The role of nitric oxide in inhibitory non-adrenergic non-cholinergic neurotransmission in the canine lower oesophageal sphincter.

J G De Man 1, P A Pelckmans 1, G E Boeckxstaens 1, H Bult 1, L Oosterbosch 1, A G Herman 1, Y M Van Maercke 1
PMCID: PMC1908101  PMID: 1652336

Abstract

1. The role of nitric oxide (NO) in non-adrenergic non-cholinergic (NANC) neurotransmission was studied on circular muscle strips of the canine lower oesophageal sphincter (LOS).
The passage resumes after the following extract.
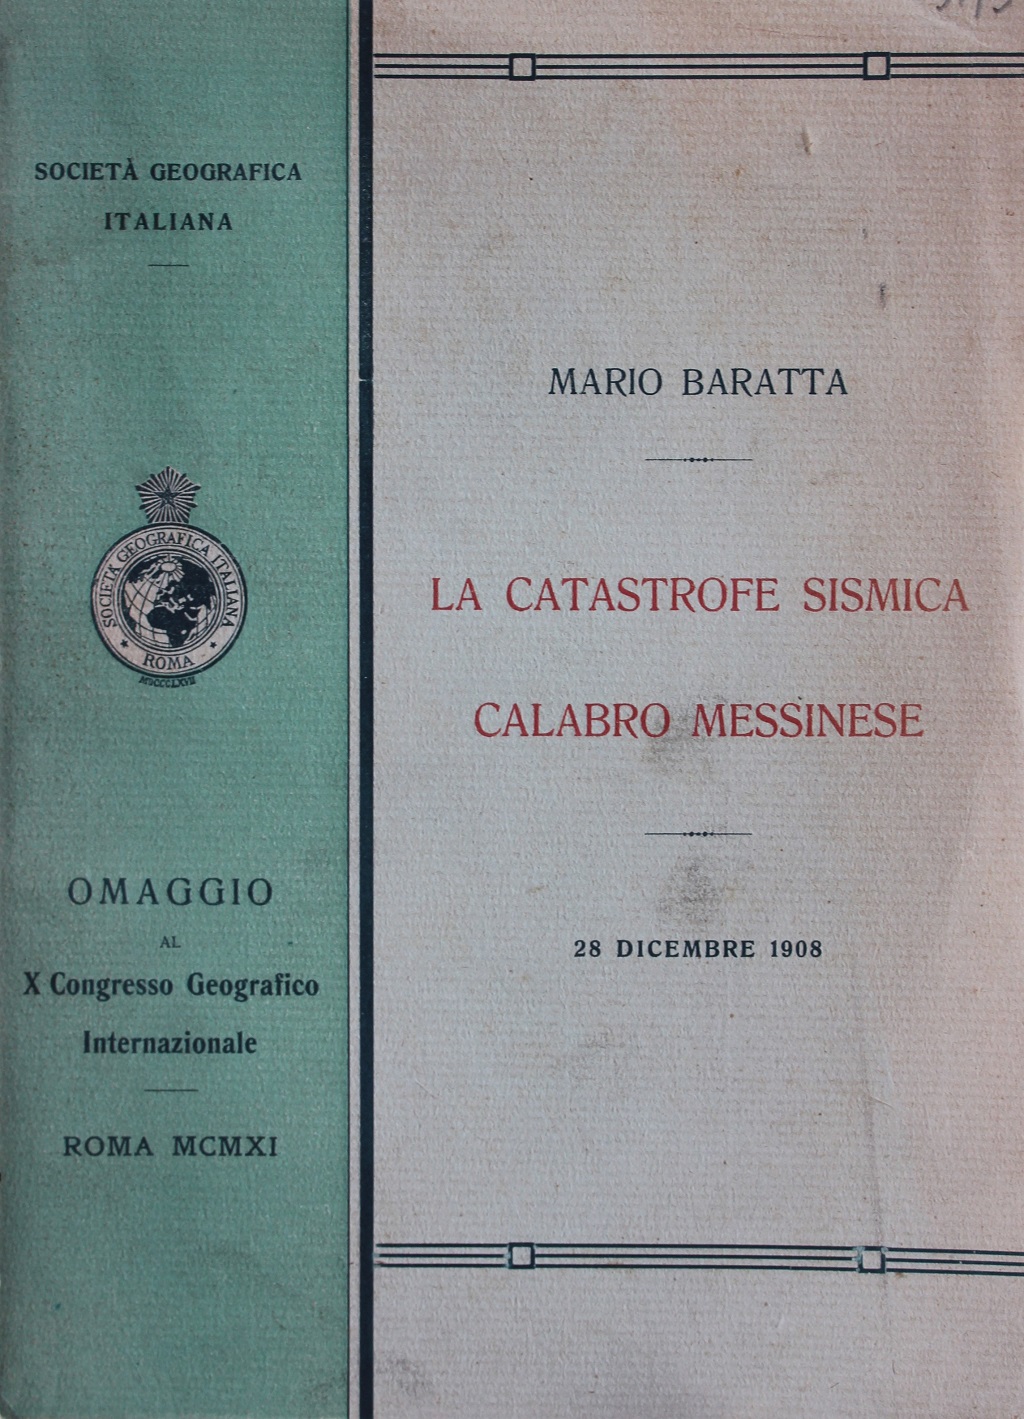 150° anniversario della nascita del sismologo Mario Baratta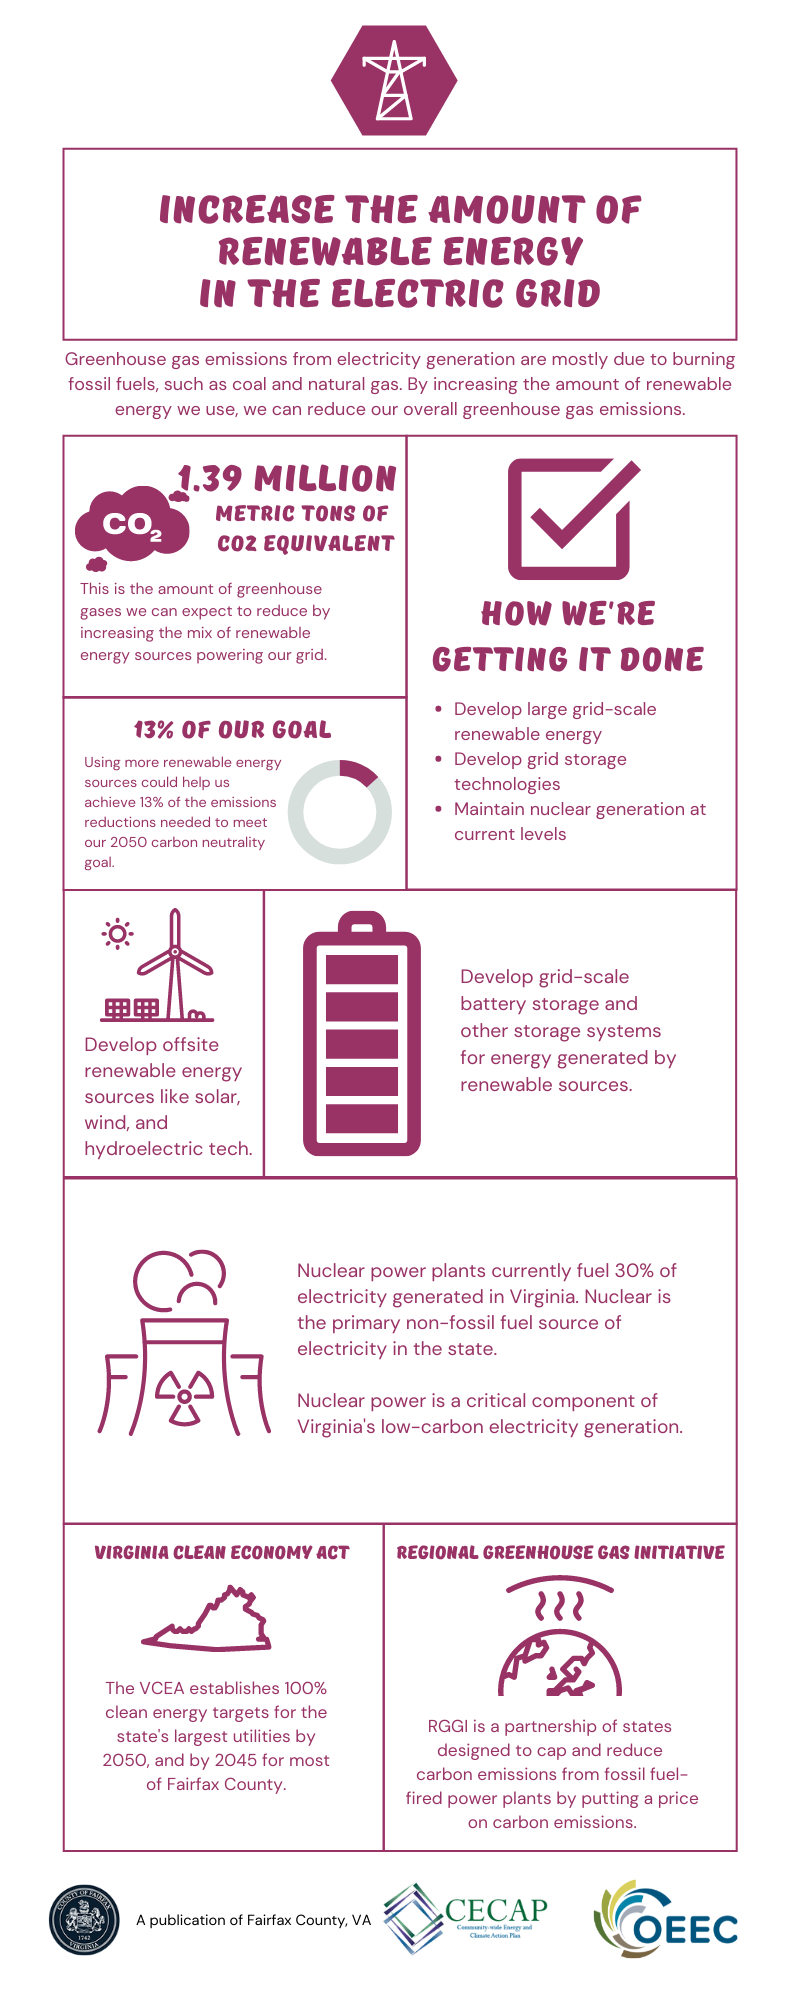 CECAP renewable energy in the grid infographic

Electrical field stimulation evoked frequency-dependent relaxations, which were resistant to adrenergic and cholinergic blockade and abolished by tetrodotoxin. 2. Exogenous administration of NO induced concentration-dependent and tetrodotoxin-resistant relaxations which mimicked those in response to electrical stimulation. 3. NG-nitro-L-arginine (L-NNA), a stereospecific inhibitor of NO-biosynthesis, inhibited the relaxations induced by electrical stimulation but not those by exogenous NO or vasoactive intestinal polypeptide (VIP). 4. The effect of L-NNA was prevented by L-arginine, the precursor of the NO biosynthesis but not by its enantiomer D-arginine. 5. Haemoglobin abolished the NO-induced responses and reduced those evoked by electrical stimulation. 6. Cumulative administration of VIP induced concentration-dependent relaxations, which were slow in onset and sustained. A complete relaxation to VIP was not achieved and the relaxations were not affected by L-NNA. 7. In conclusion, our results provide evidence that NANC relaxations are mediated by NO, suggesting NO or a NO releasing substance as the final inhibitory NANC neurotransmitter in the canine LOS.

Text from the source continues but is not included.